In [1]:
import sys
sys.path.append('.')
sys.path.append('..')
from problem_loader import ProblemLoader
from helpers import obfuscate

data_urls = {
    'tsp': 'https://d18ky98rnyall9.cloudfront.net/_f702b2a7b43c0d64707f7ab1b4394754_tsp.txt?Expires=1629504000&Signature=LEM~cWnuYcjXjwVrDUoSeppI6n~XSXGnBAUIULaP6SKwkvMafbNR2t~cCC0d0FwcBru51~1kuOu-weoGbcZp2CQtUc-0pDGeCbpkIbXx7pkusqtYbHcvIDAHovIbMUMCJl5K5xvtHClg8wm~XjUxDI2QDHaU9YzMlqqP42d3XyY_&Key-Pair-Id=APKAJLTNE6QMUY6HBC5A'
}

# Problem 1

In this assignment you will implement one or more algorithms for the traveling salesman problem, such as the dynamic programming algorithm covered in the video lectures.  

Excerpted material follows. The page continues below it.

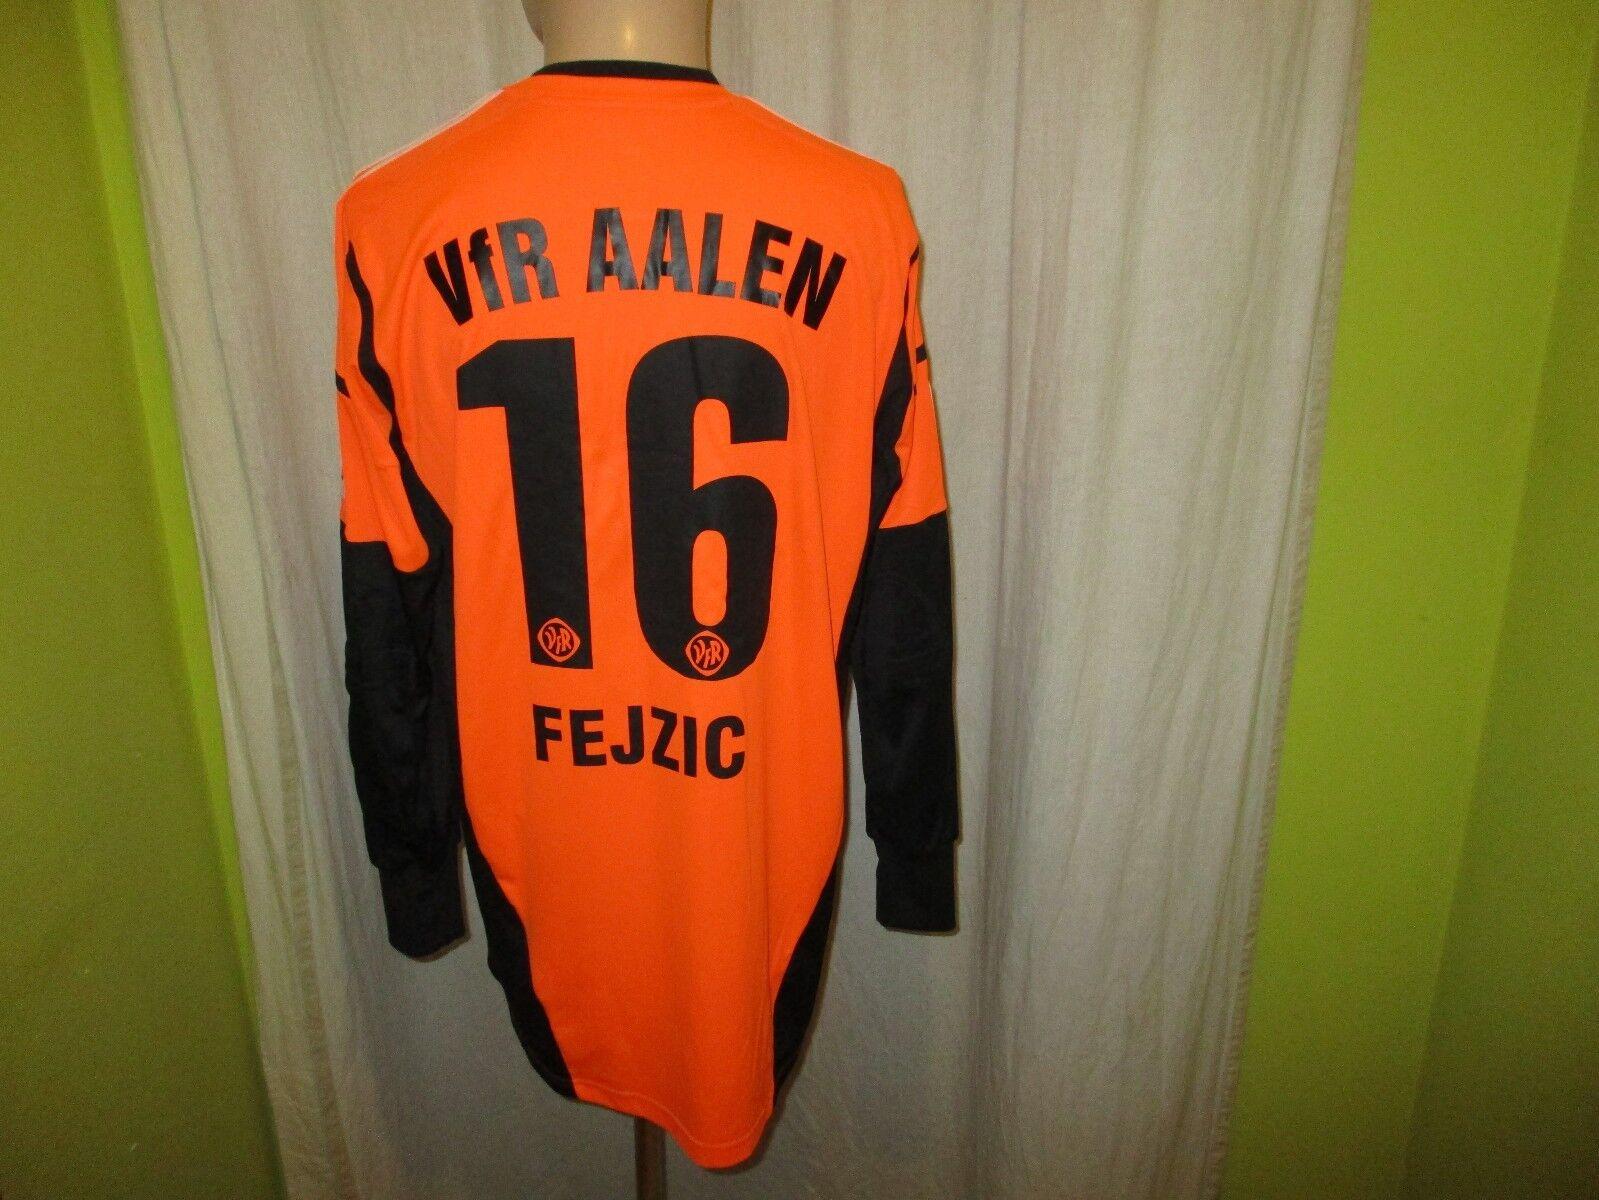 VfR Aalen Adidas Torwart Matchworn Trikot 2012 13  imtech  + Nr.16 Fejzic Gr.XL  | Lebendige Form
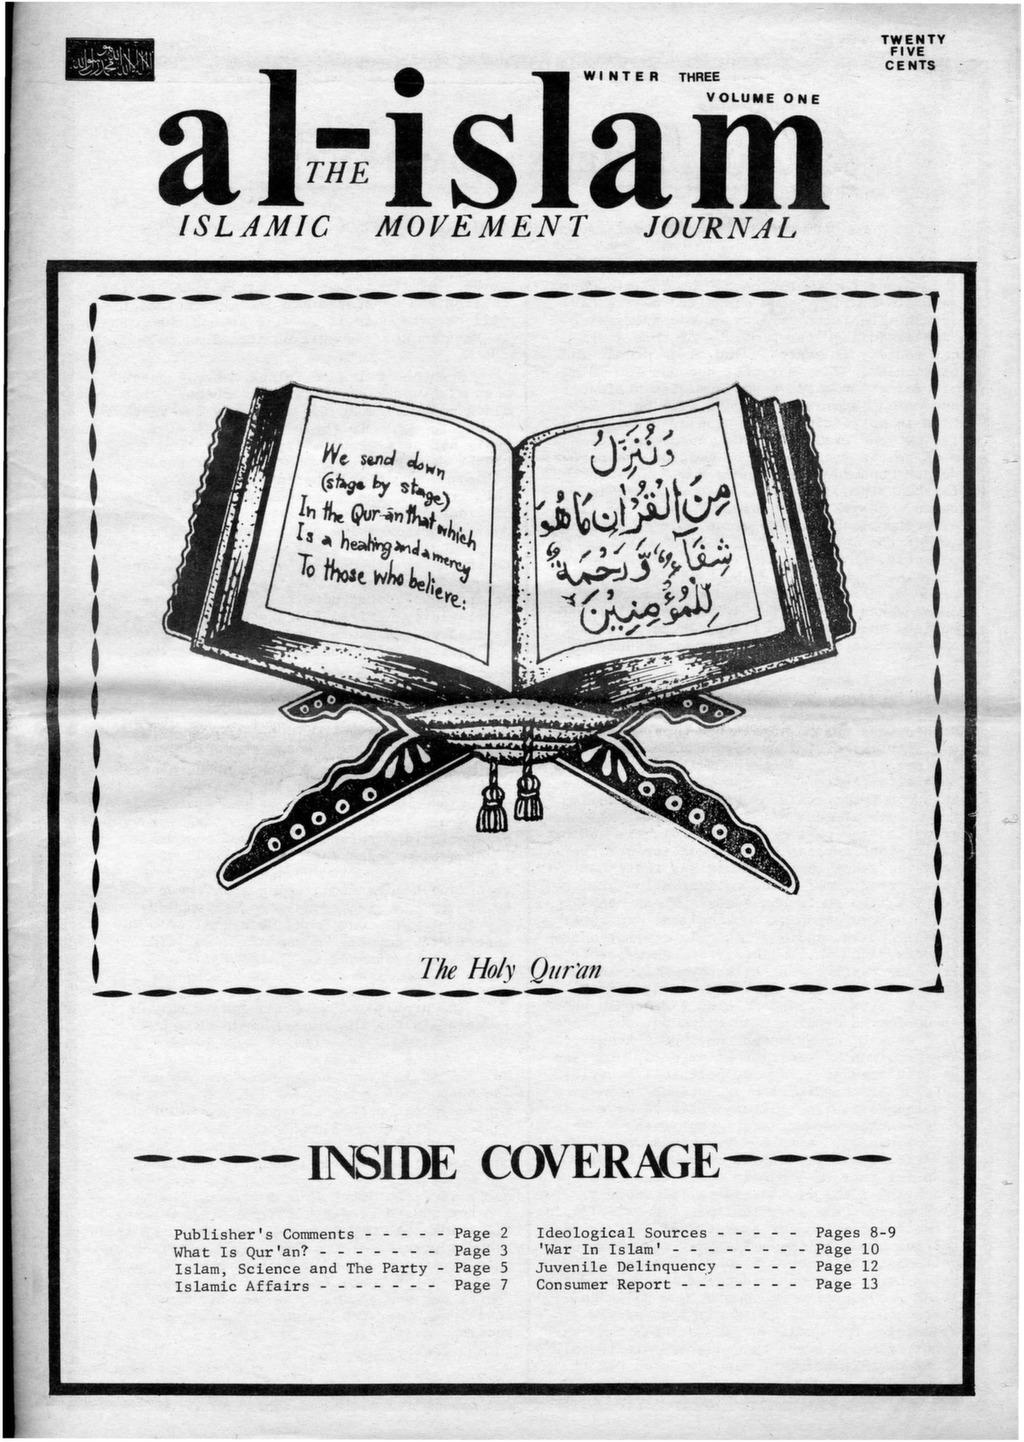 Al-Islam, 1972, Vol  1, Winter 3 - After Malcolm

The first line indicates the number of cities.  Each city is a point in the plane, and each subsequent line indicates the x- and y-coordinates of a single city.  

The distance between two cities is defined as the Euclidean distance --- that is, two cities at locations $(x,y)$ and $(z,w)$ have distance $\sqrt{(x-z)^2 + (y-w)^2}$​ between them.  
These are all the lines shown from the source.